Any help would be much appreciated. Thanks.
In order to scrape the full-res image URL using requests and beautifulsoup you need to scrape data from the page source (CTRL+U) code via regex.
Find all <script> tags:
soup.select('script')
Match images data via regex from the <script> tags:
matched_images_data = ''.join(re.findall(r"AF_initDataCallback\(([^<]+)\);", str(all_script_tags)))
Match desired images (full res size) via regex:
matched_images_data_fix = json.dumps(matched_images_data)
matched_images_data_json = json.loads(matched_images_data_fix)

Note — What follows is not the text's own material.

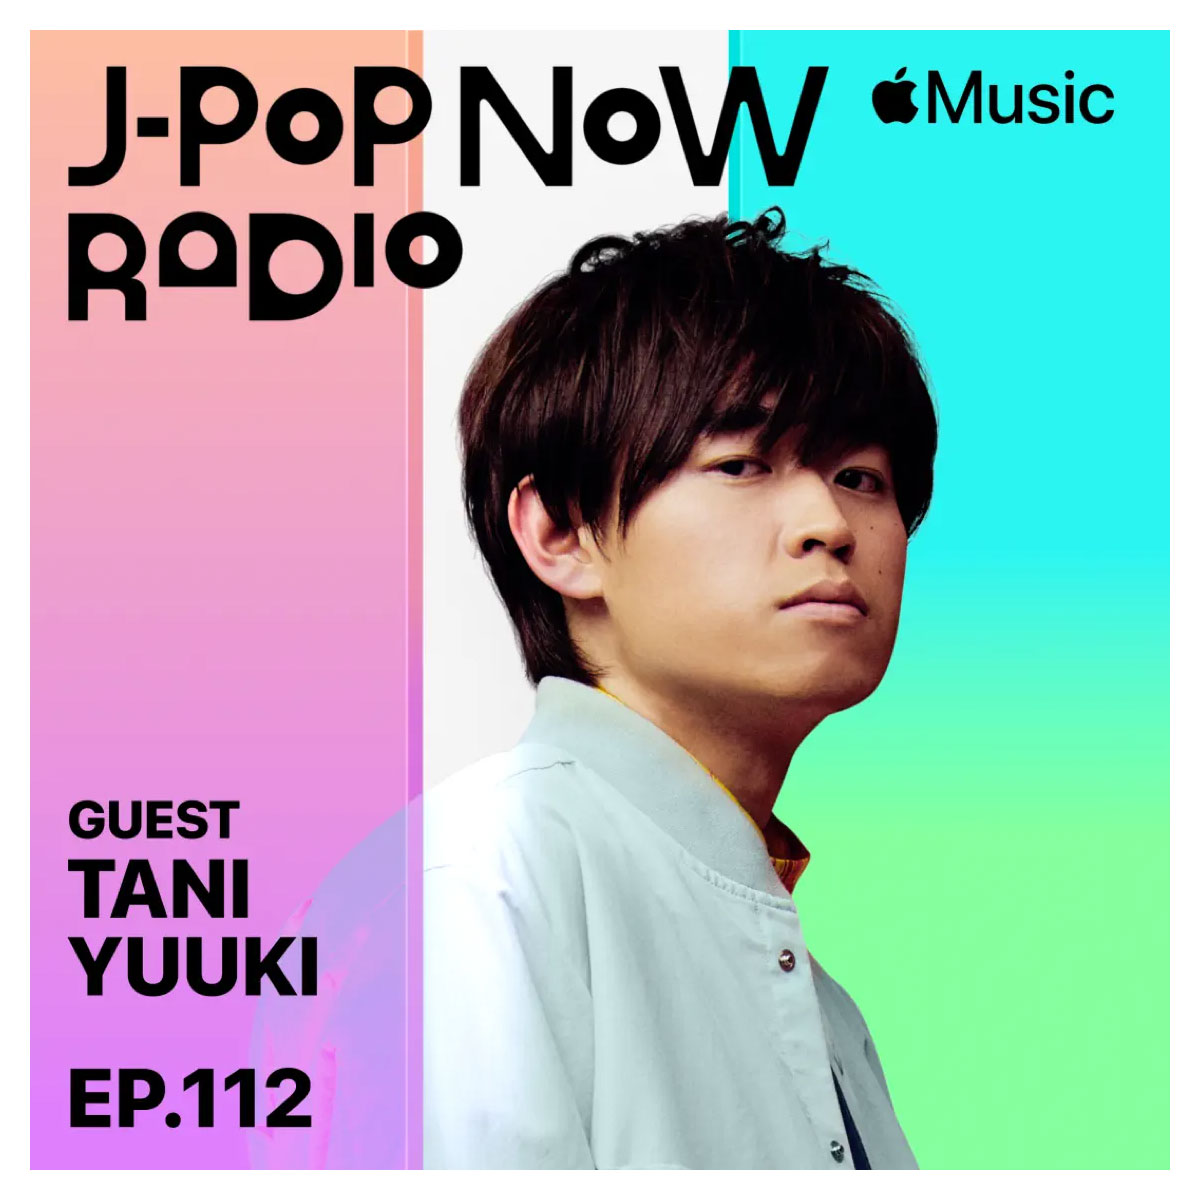 J-Pop Now Radio with Kentaro Ochiai ゲスト：Tani Yuuki

matched_google_full_resolution_images = re.findall(r"(?:'|,),\[\"(https:|http.*?)\",\d+,\d+\]",
matched_images_data_json)
Extract and decode them using bytes() and decode() and tell how much elements you want to extract with list() slicing [:20] (grabs first 20 images):
for fixed_full_res_image in matched_google_full_resolution_images[:20]:
original_size_img_not_fixed = bytes(fixed_full_res_image, 'ascii').decode('unicode-escape')

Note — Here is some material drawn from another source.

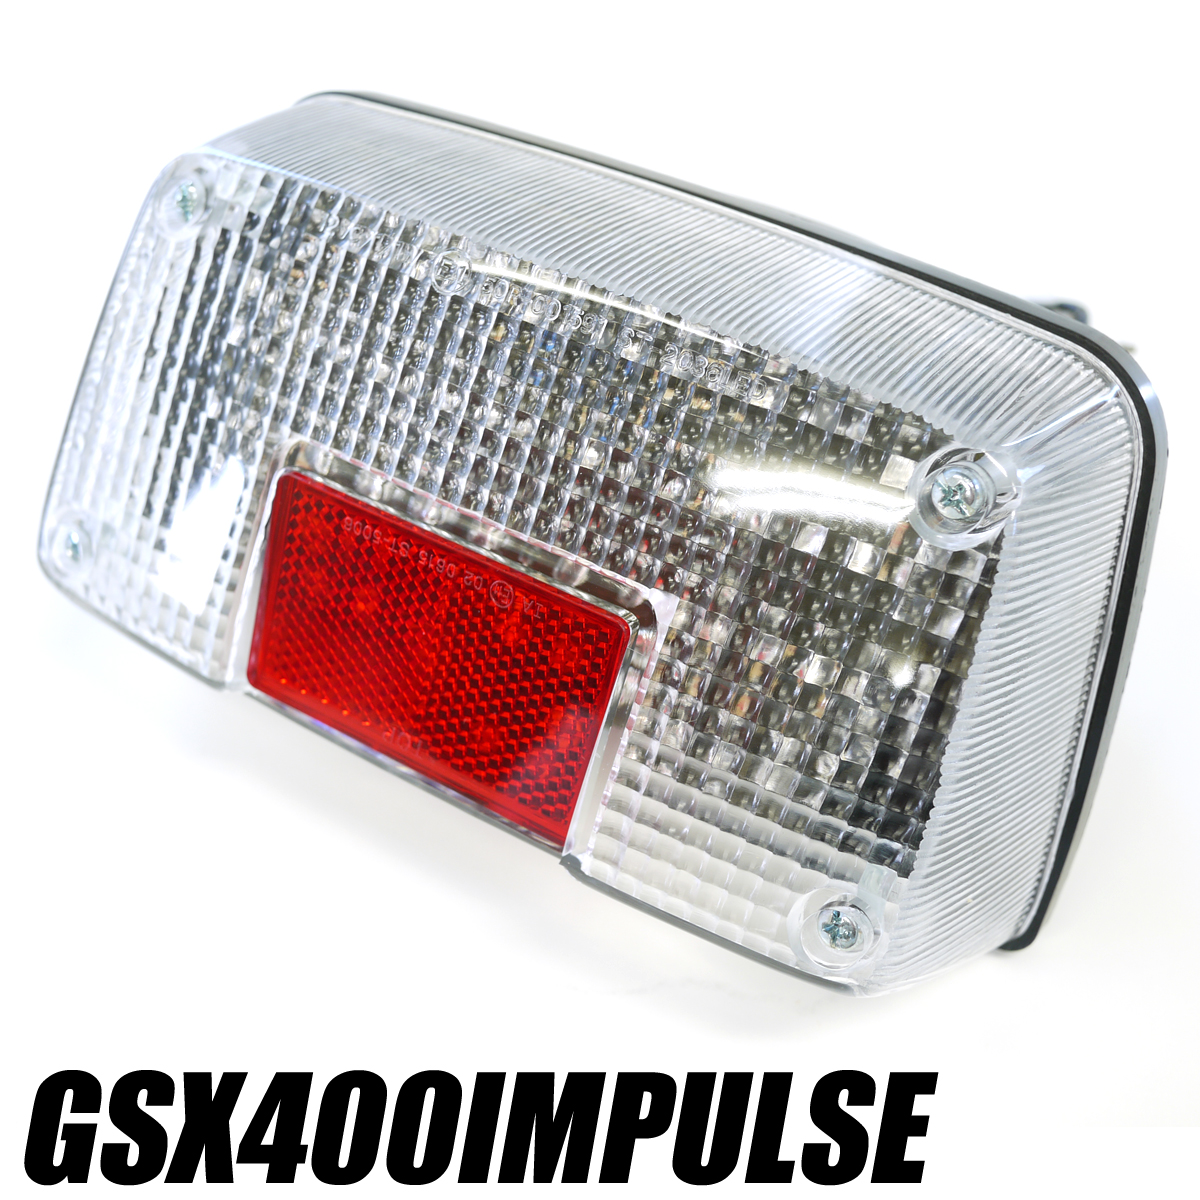 GSX400インパルス用LEDテールランプ クリアGK79A GK7CA IMPULSE ポン付けLEDテール

original_size_img = bytes(original_size_img_not_fixed, 'ascii').decode('unicode-escape')
Code and full example in the online IDE that also downloads images:
import requests, lxml, re, json, urllib.request
from bs4 import BeautifulSoup
headers = {
"User-Agent":
"Mozilla/5.0 (Windows NT 10.0; Win64; x64) AppleWebKit/537.36 (KHTML, like Gecko) Chrome/70.0.3538.102 Safari/537.36 Edge/18.19582"
}
params = {
"q": "pexels cat",
"tbm": "isch",
"hl": "en",
"ijn": "0",
}
html = requests.get("https://www.google.com/search", params=params, headers=headers)
soup = BeautifulSoup(html.text, 'lxml')
def get_images_data():
print('\nGoogle Images Metadata:')
for google_image in soup.select('.isv-r.PNCib.MSM1fd.BUooTd'):
title = google_image.select_one('.VFACy.kGQAp.sMi44c.lNHeqe.WGvvNb')['title']
source = google_image.select_one('.fxgdke').text
link = google_image.select_one('.VFACy.kGQAp.sMi44c.lNHeqe.WGvvNb')['href']
print(f'{title}\n{source}\n{link}\n')
# this steps could be refactored to a more compact
all_script_tags = soup.select('script')
# # https://regex101.com/r/48UZhY/4
matched_images_data = ''.join(re.findall(r"AF_initDataCallback\(([^<]+)\);", str(all_script_tags)))
# https://kodlogs.com/34776/json-decoder-jsondecodeerror-expecting-property-name-enclosed-in-double-quotes
# if you try to json.loads() without json.dumps it will throw an error:
# "Expecting property name enclosed in double quotes"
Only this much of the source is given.